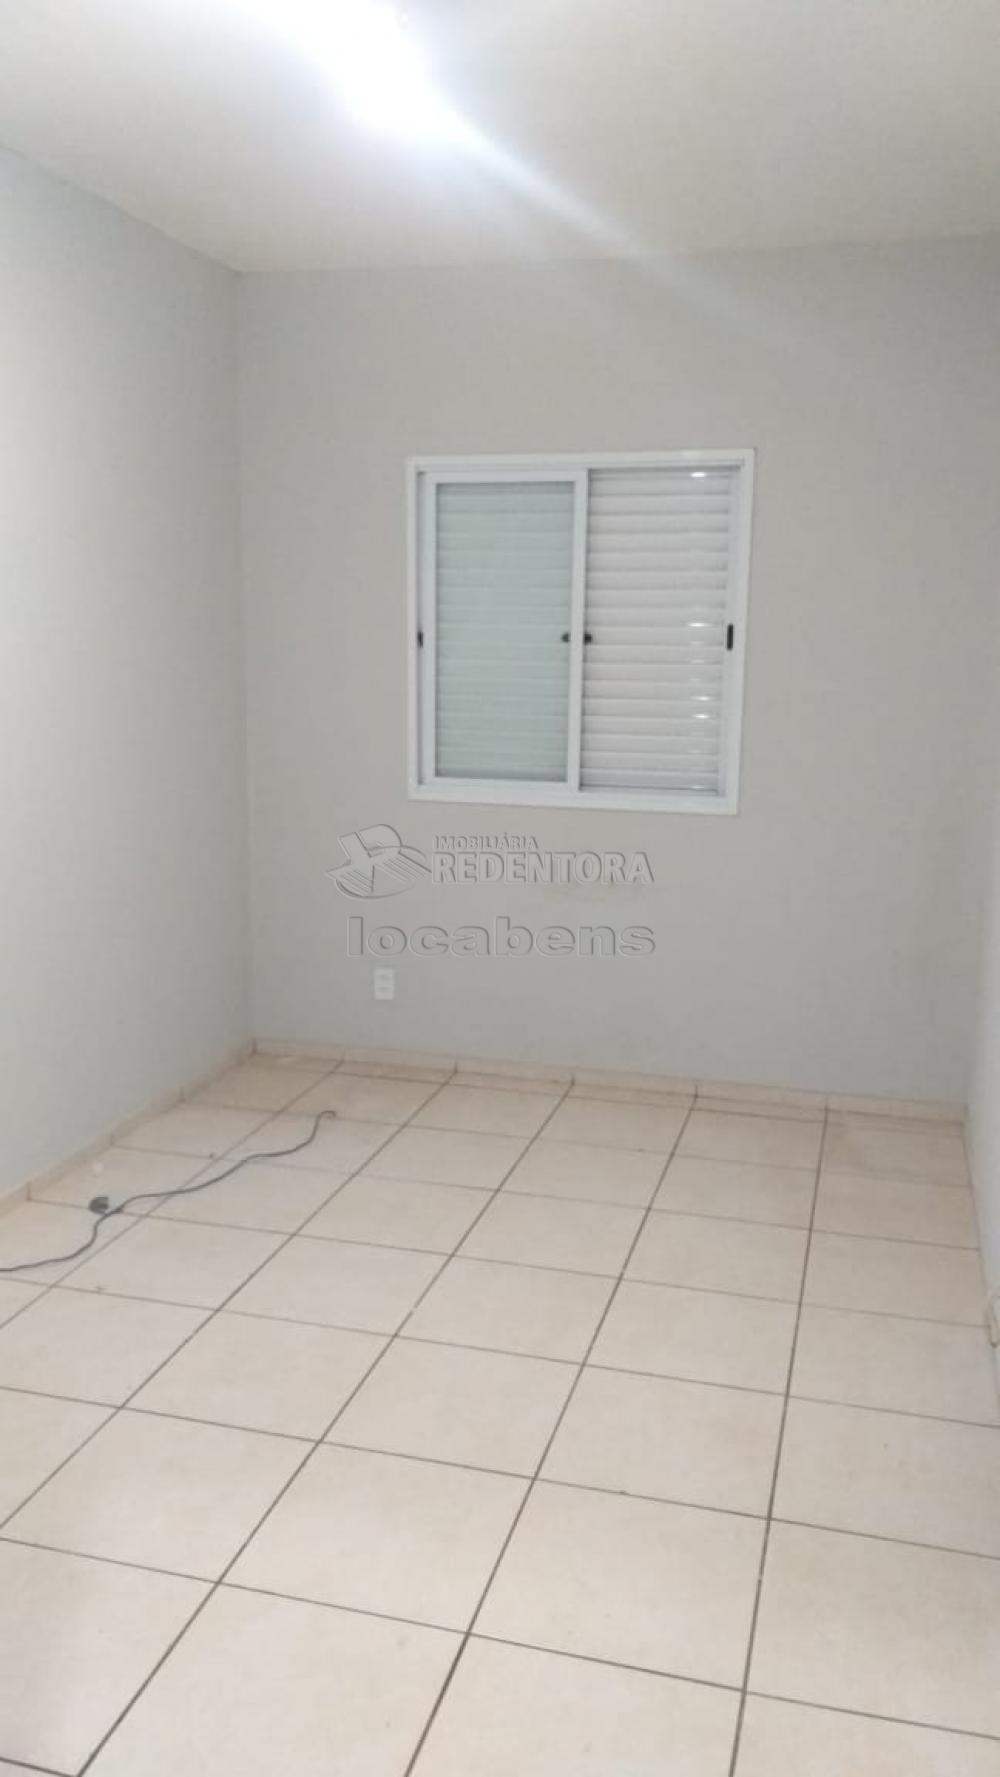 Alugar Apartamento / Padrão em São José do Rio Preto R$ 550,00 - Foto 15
--- --- ---
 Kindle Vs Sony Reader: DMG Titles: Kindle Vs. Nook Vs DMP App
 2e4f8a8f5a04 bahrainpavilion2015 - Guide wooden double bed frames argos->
--- --- ---
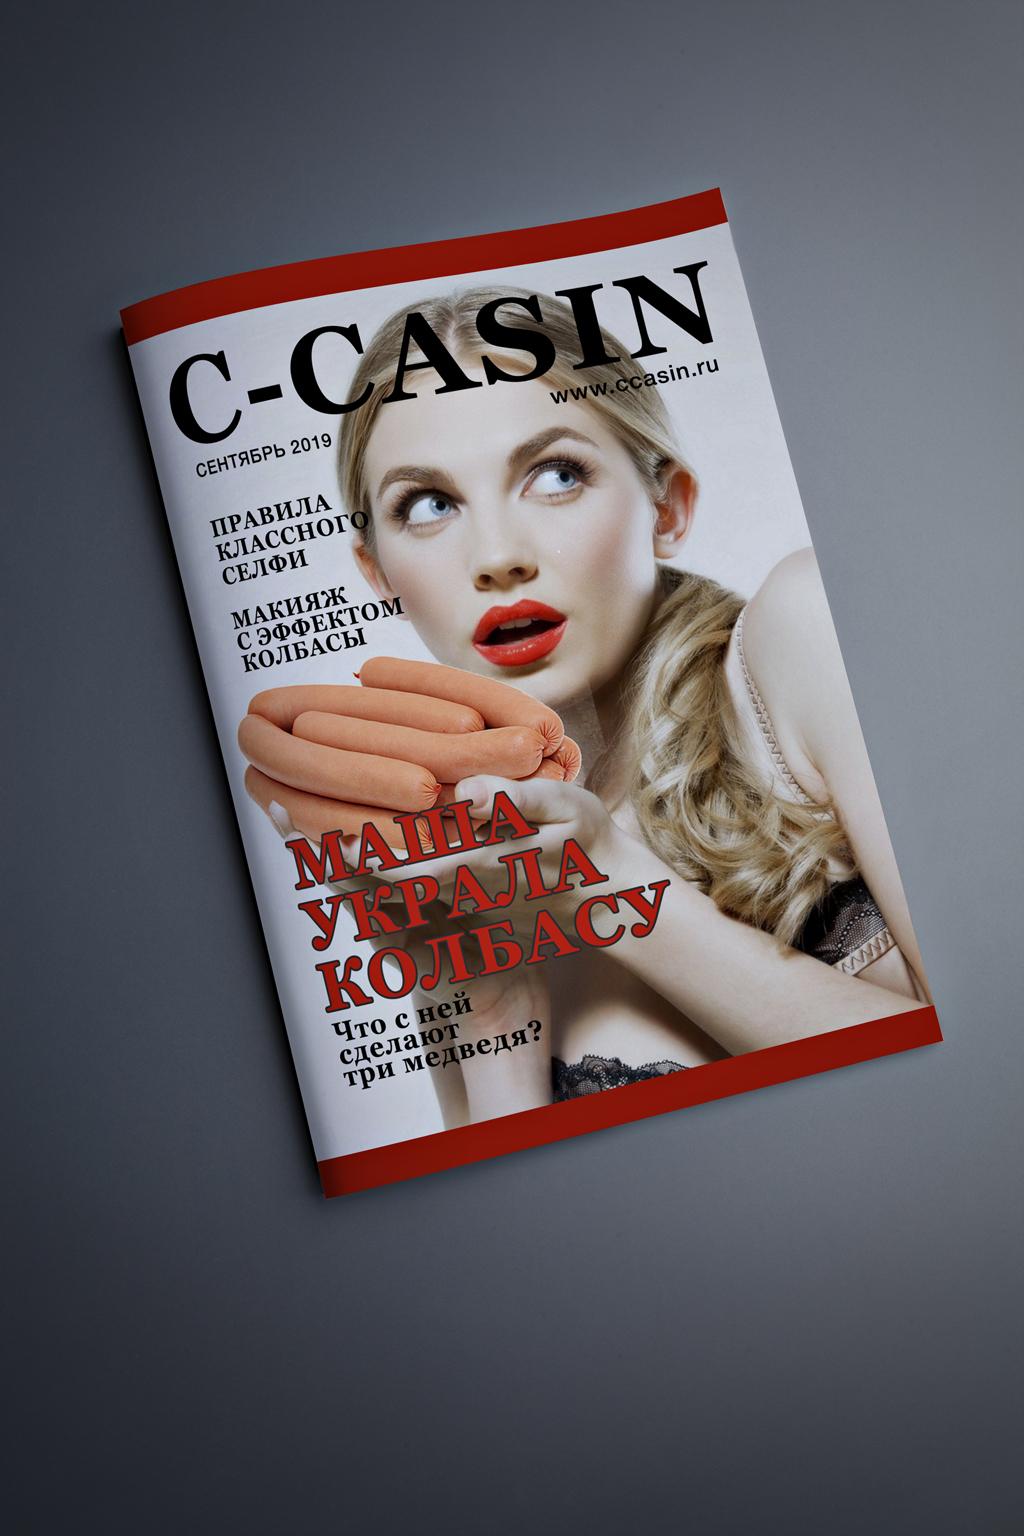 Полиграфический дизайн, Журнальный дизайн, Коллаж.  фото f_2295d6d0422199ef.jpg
--- --- ---
## Exercise details
Begin at the line above that has "Kindle Vs Sony" and stop after the line that has "2e4f8a8f5a04 bahrainpavilion2015 - Guide", copying each line exactly and adding nothing else.

## Reply to the exercise
 Kindle Vs Sony Reader: DMG Titles: Kindle Vs. Nook Vs DMP App
 2e4f8a8f5a04 bahrainpavilion2015 - Guide wooden double bed frames argos->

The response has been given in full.